While I could let **gcc** compile and link the .c file into an executable, like on macos, I can also take the manual step of using **as** to create the object file. This .o file is machine code that can be viewed with a hex editor.
```
docker run --rm -v /Users/csamp/projects/see:/code -w /code gcc:latest as -o factorial_debian.o factorial_debian.s
```

### Linking

Linking takes the object file, combines it with other libraries on the target platform, such as the *printf* function, and makes the binary executable.

```
docker run --rm -v /Users/csamp/projects/see:/code -w /code gcc:latest ld -o factorial_debian factorial_debian.o /lib/x86_64-linux-gnu/libc.so.6 -dynamic-linker /lib64/ld-linux-x86-64.so.2
```

### Deassembling / Listing

While I can use **objdump** to disassemble the binary, I can get a better listing out of gcc on Debian:
```
docker run --rm -t -v /Users/csamp/projects/see:/code -w /code gcc:latest gcc -g -Wa,-adhln -o factorial_debian factorial.c > factorial_debian.lst
```
[factorial_debian.lst](factorial_debian.lst)

## The Assembly

Here I have removed some assembler directives and commented on each assembler instruction.

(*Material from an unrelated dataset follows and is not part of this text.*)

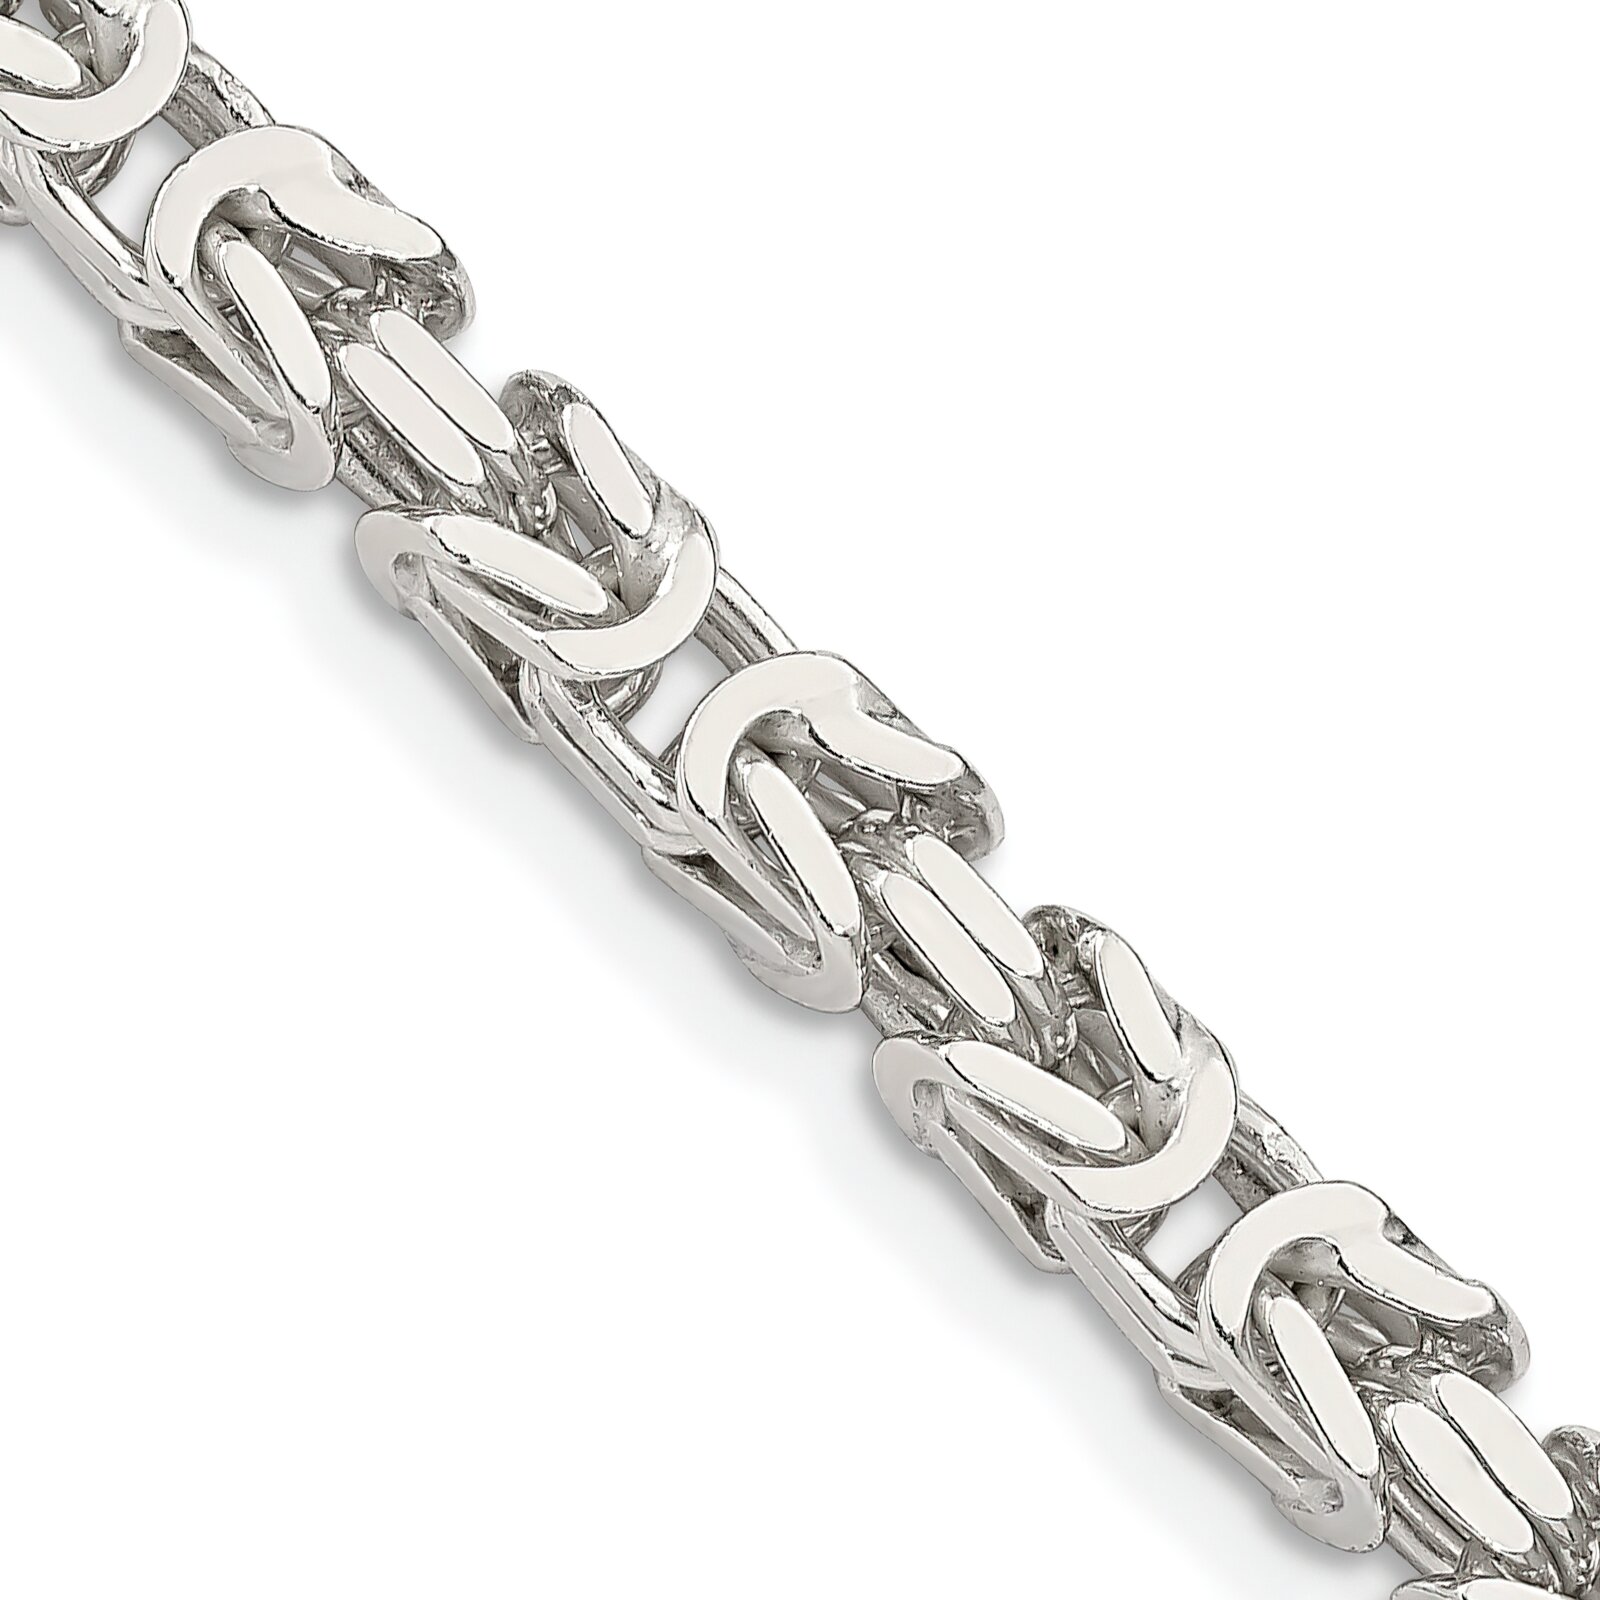 Findingking Sterling Silver Byzantine Link Bracelet 7"

See also [factorial_debian.s](factorial_debian.s) for this content.

```
.section .rodata # Program section for read-only data
.LC0: # Storing a null-terminated string at memory location .LC0
.string "Hello from Factorial!"
.LC1: # Storing a null-terminated string at memory location .LC1
.string "%d factorial is %d\n"

.text # Beginning the text of the program instructions
.globl _start # Declares the symbol _start as externally accessible
_start: # Sets _start to this stack location, which is the entrypoint
pushq %rbp # Push the quadword (64-bit, 8-byte) current stack base pointer onto the stack.
movq %rsp, %rbp # Move the current stack pointer into the base pointer register
subq $16, %rsp # Subtract 16 bytes from the current stack pointer to make room for two 8-byte variables
movl $.LC0, %edi # Put the memory location referenced by .LC0 into edi register
call puts # Call function puts, put-string, that puts the string pointed at by the edi register to stdout

movl $10, -12(%rbp) # Put the value 10 into the memory location starting at 12 bytes below the stack base pointer
movl $1, -4(%rbp) # Put the value 1 into the memory location 4 bytes below the base stack pointer
movl $0, -8(%rbp) # Put the value 0 into the memory location 8 bytes below the base stack pointer
jmp .L2 # Move the instruction pointer to the memory location symbolized by .L2

.L3: # Loop contents
movl -8(%rbp), %eax # Move the 4-byte long integer to at memory location 8 bytes below the stack pointer into register eax
leal 1(%eax), %edx # Uses the pointer arithmetic operator LEA, usually used to increment memory locations, to increment the value in eax. Memory locations are just integers this works.
movl -4(%rbp), %eax # Move the long value stored 4 bytes below the base stack pointer into the eax register
imull %edx, %eax # Multiplies the signed long value in edx by the signed long value in eax and stores the result in eax.
movl %eax, -4(%rbp) # Moves the value in eax to the location four bytes below the base pointer.
addl $1, -8(%rbp) # Add one to the long value 8 bytes below the base pointer/

.L2: # Loop test
movl -8(%rbp), %eax # Moves the long value 8 bytes below the base pointer into eax
cmpl -12(%rbp), %eax # Compares long value 12 bytes below base pointer to the value in eax
jl .L3 # Jumps if less than; looks at the sign flag and overflow flag. Jumps to the loop contents.

movl -4(%rbp), %edx # Puts the long 4 below base pointer into edx
movl -12(%rbp), %eax # Puts the long value 12 below base pointer into eax
movl %eax, %esi # Puts the value of eax into esi
movl $.LC1, %edi # Puts the memory location symbolized by .LC1 into edi
movl $0, %eax # Puts 0 into eax
call printf # Calls printf, which uses edi, edx and esi to do string substituion and print to stdout

movl $60, %eax # Syscall number for exit (60 on Linux)
xorq %rdi, %rdi # Exit code 0
syscall # Invoke system call to exit

```

## Wrap up

I plan to do this on my M1 Mac and see what the ARM assembly looks like!